The Panama Papers leak, which detailed the dealings of numerous politicians, businessmen, and other high-ranking officials in offshore banking regimes has caused a worldwide media firestorm.
Calls by institutions such as the Organisation for Economic Co-operation and Development (OECD) for closing tax loopholes and classifying Panama as a “tax haven” for its supposed malfeasances have been the popular response to these developments.
Over the past few years, tax havens have been the whipping boy for many politicians in developed countries who want to rein in these jurisdictions for supposedly fostering tax evasion and other illegal activities.
In reality, the Panama Papers did not reveal anything earth shattering or potentially incriminating about the majority of individuals who turned to Mossack Fonseca for corporate services, nor did they reveal any criminal behavior on the part of Mossack Fonseca.
What Mossack Fonseca did throughout these cases is standard fare for corporate service providers and is perfectly legal.
Tax Havens: In Short
In sum, tax havens refer to certain countries, states, or territories that confer certain advantages in financial and taxation matters – increased financial privacy, friendly levels of taxation, and the ability to incorporate companies under more favorable circumstances.
These places have existed since time immemorial and have served as a viable form of competition among tax jurisdictions, allowing countless international entrepreneurs to set-up their businesses in a cost-effective manner.
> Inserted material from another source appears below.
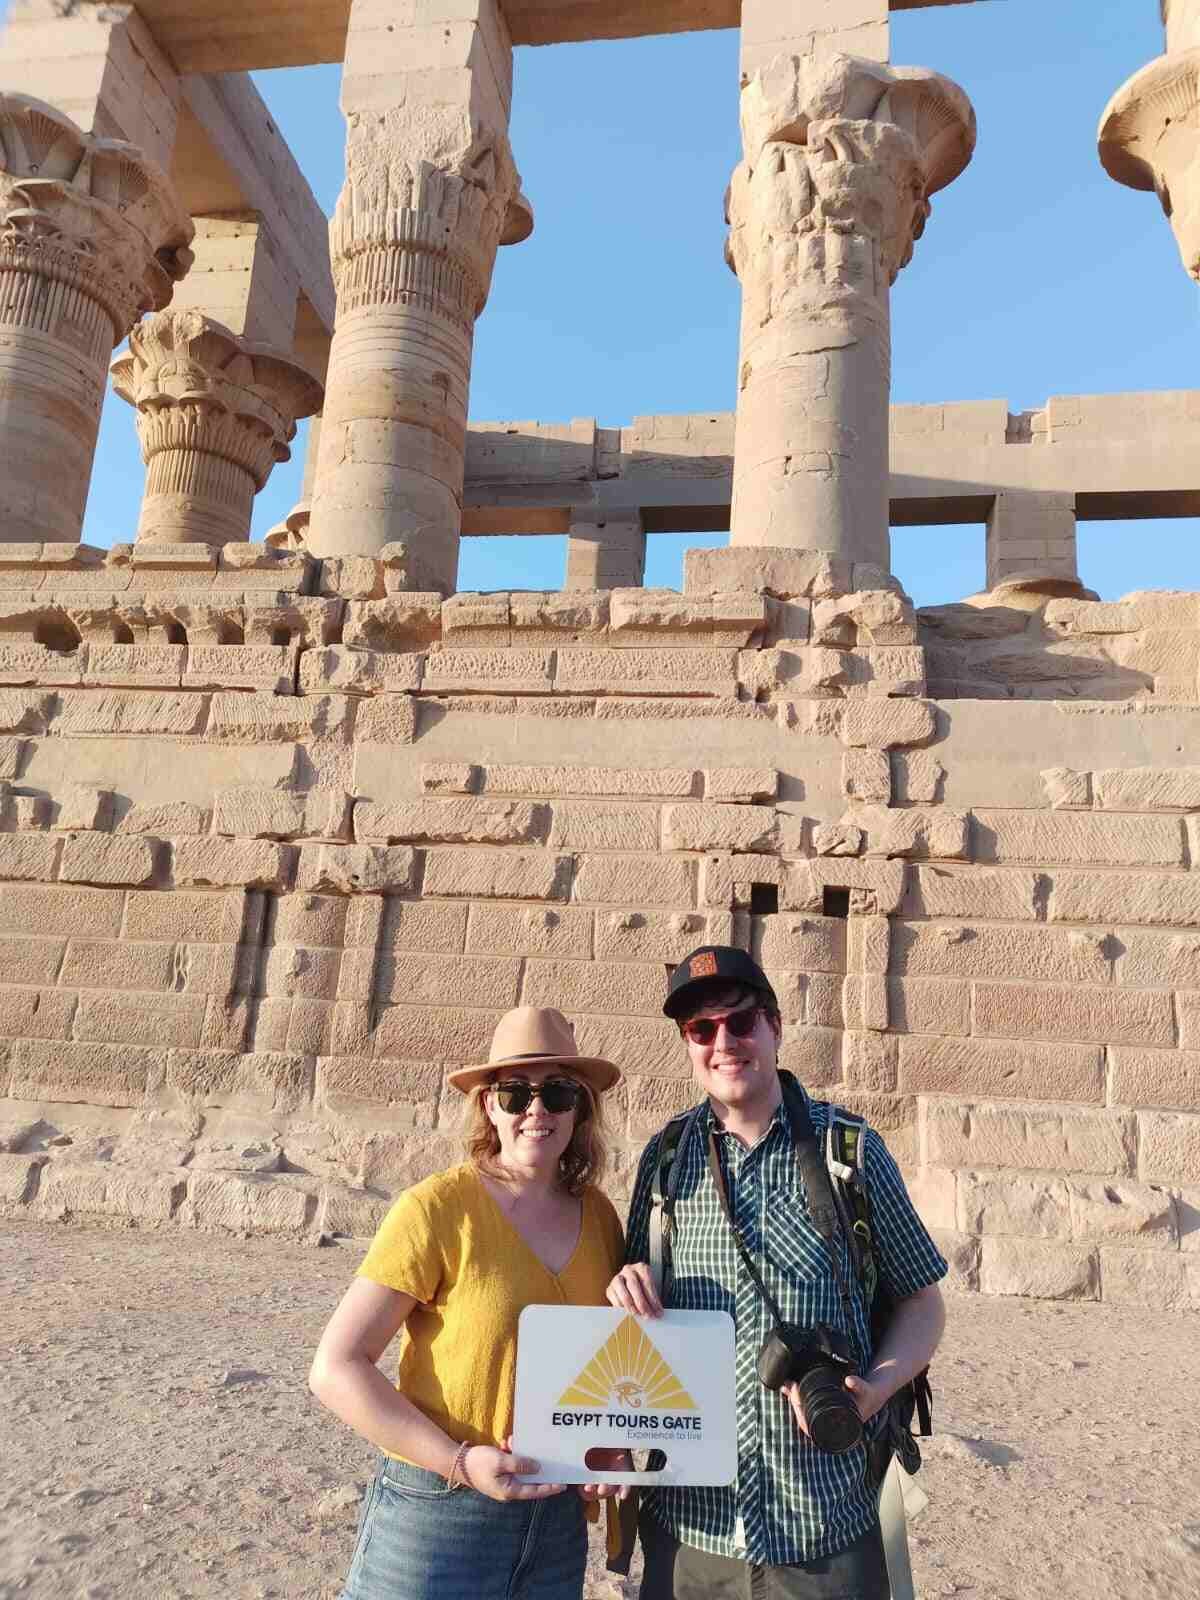 Luxor Excursions from Sharm el Sheikh by Flight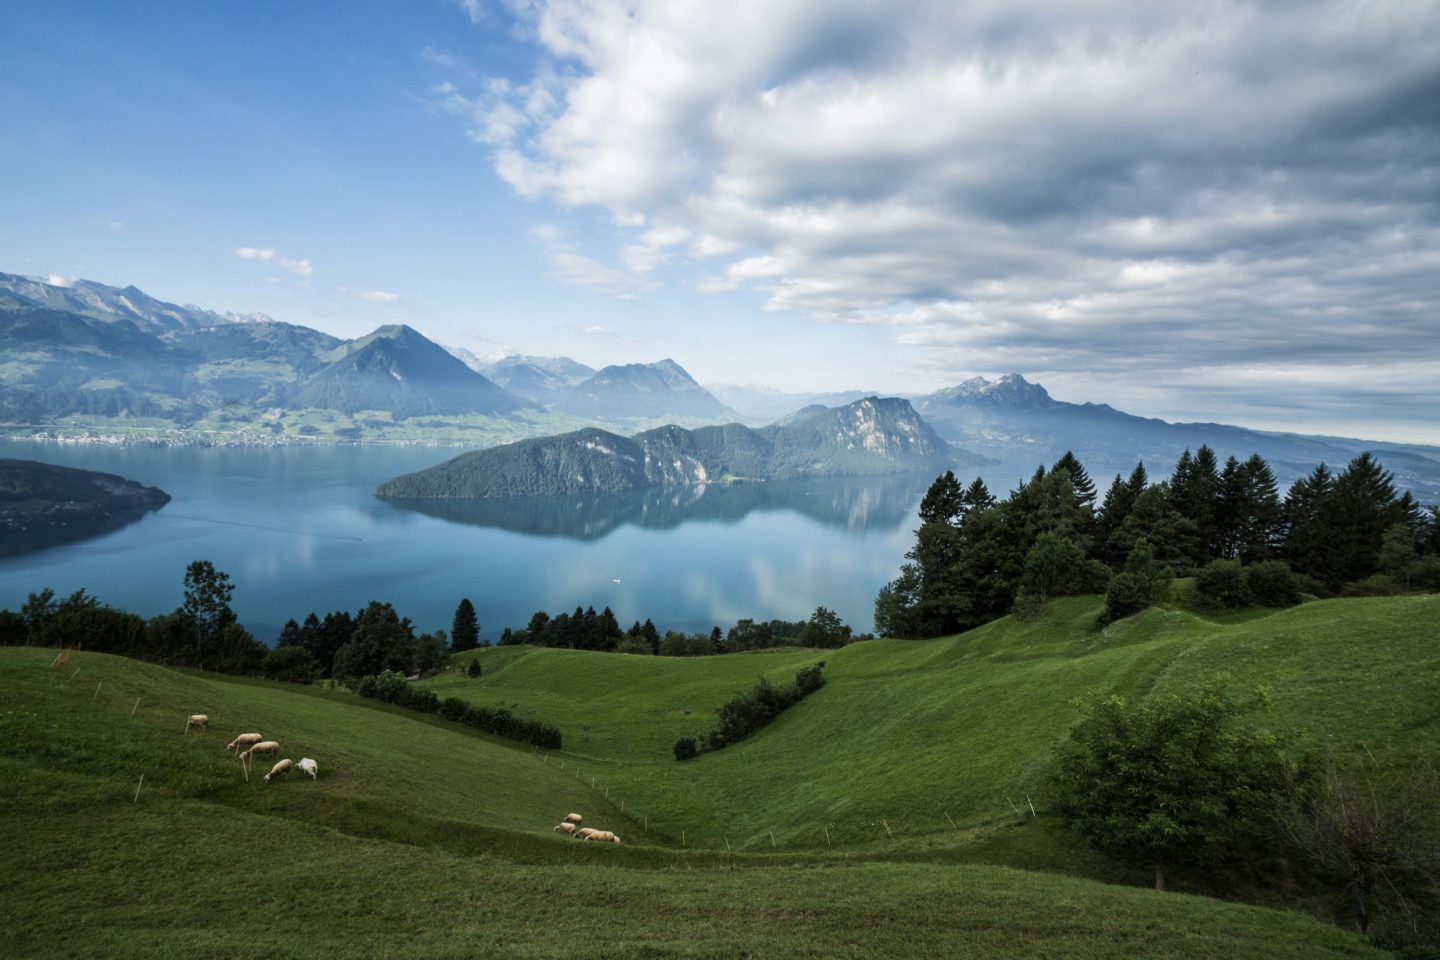 View of Lake Lucerne and the Alps during the ride up the Rigi.

However, this useful feature in today’s world economy is often overlooked in contemporary policy debates. The majority of the focus is placed on the need to close these loopholes, enforce more stringent data sharing programs, and curtail the practice of corporate inversion.
The calls for reform are well-intentioned, but one harsh reality is generally ignored: the OECD, which spearheads the campaign against tax havens, is made up of cash-strapped Western governments that are desperate to collect tax revenues in order to finance their unsustainable welfare states.
For these countries, tax havens represent the latest medium for potential tax plunder.
Enter FATCA
Six years prior to the Panama Papers incident, the U.S. passed the controversial Foreign Account Tax Compliance Act (FATCA) – a law that allows for foreign banks and financial institutions to effectively act as an enforcement arm of the IRS.
Although FATCA is a US law, foreign countries must comply with its provisions. These provisions require all foreign financial institutions to register their organizations with the IRS, and then, agree to hand over all the private financial data of their American clients.
A fiscal imperialism of sorts, the OECD’s endgame is to impose their member country’s tax policies upon countries
If said financial institutions do not comply with FATCA, the US government has the ability to seize 30 percent of the foreign bank’s US earnings through a withholding tax.
Not only does FATCA represent a major violation of the privacy rights of US citizens living abroad, it will also make it more difficult for these same individuals to make a living abroad, as foreign banks will start to drop American customers in order to avoid the costs of FATCA regulations.
In the same token, FATCA has already laid the groundwork for a global data sharing program among governments that will subject the foreign bank accounts of US citizens living abroad to further taxation and possible intrusion.
The OECD’s Gambit
The Panama Papers uproar may just be the necessary catalyst for a robust international data sharing program that will make measures such as FATCA a global standard.
This does not bode well for entrepreneurs and other individuals with international business aspirations. Many individuals could see delicate, private information be shared among governments that are not known for their protection of privacy rights.
Instead of maintaining the traditional model of territorial taxation and repudiating FATCA for its intrusiveness, the OECD sees the latest Panama Papers controversy as a carte blanche to continue the implementation a global tax system on countries that are deemed non-compliant.
A fiscal imperialism of sorts, the OECD’s endgame is to impose their member country’s tax policies upon countries such as Panama, thus subjecting countless foreign individuals and corporations to unjust levels of double taxation.
The campaign to combat tax evasion is merely a front for the true endgame – global taxation on an unprecedented scale.
The Virtues of Competitive Jurisdictions
The ability to bank, set up a savings account, or start up a company wherever an individual decides to should be treated as a fundamental economic right. As long as these individuals operate within the confines the law, governments have no authority to interfere with otherwise peaceful activities.
Luckily, there now exists more competition between governments, as skilled citizens are more mobile than ever. This mobility creates an environment in which governments are incentivized to keep taxes on labor and capital low.
In essence, governments are compelled to compete with each other in order to attract the best capital and labor from across the globe under this type of dynamic.
Competitive tax jurisdictions are veritable lifesavers for the citizens of countries such as Venezuela that must endure crushing inflation and a burdensome regulatory climate. The existence of tax competition provides a viable exit strategy for individuals that are otherwise stuck in unstable economic environments.
Instead of condemning tax havens, OECD countries and the rest of the world, for that matter, should strive to emulate tax havens by implementing tax competition and simple regulatory policies that generate economic growth and attract investment.
Instead of turning to the heavy hand of the state, these governments and their citizens would be best served by tax policies that are easy to follow and do not scare away entrepreneurs.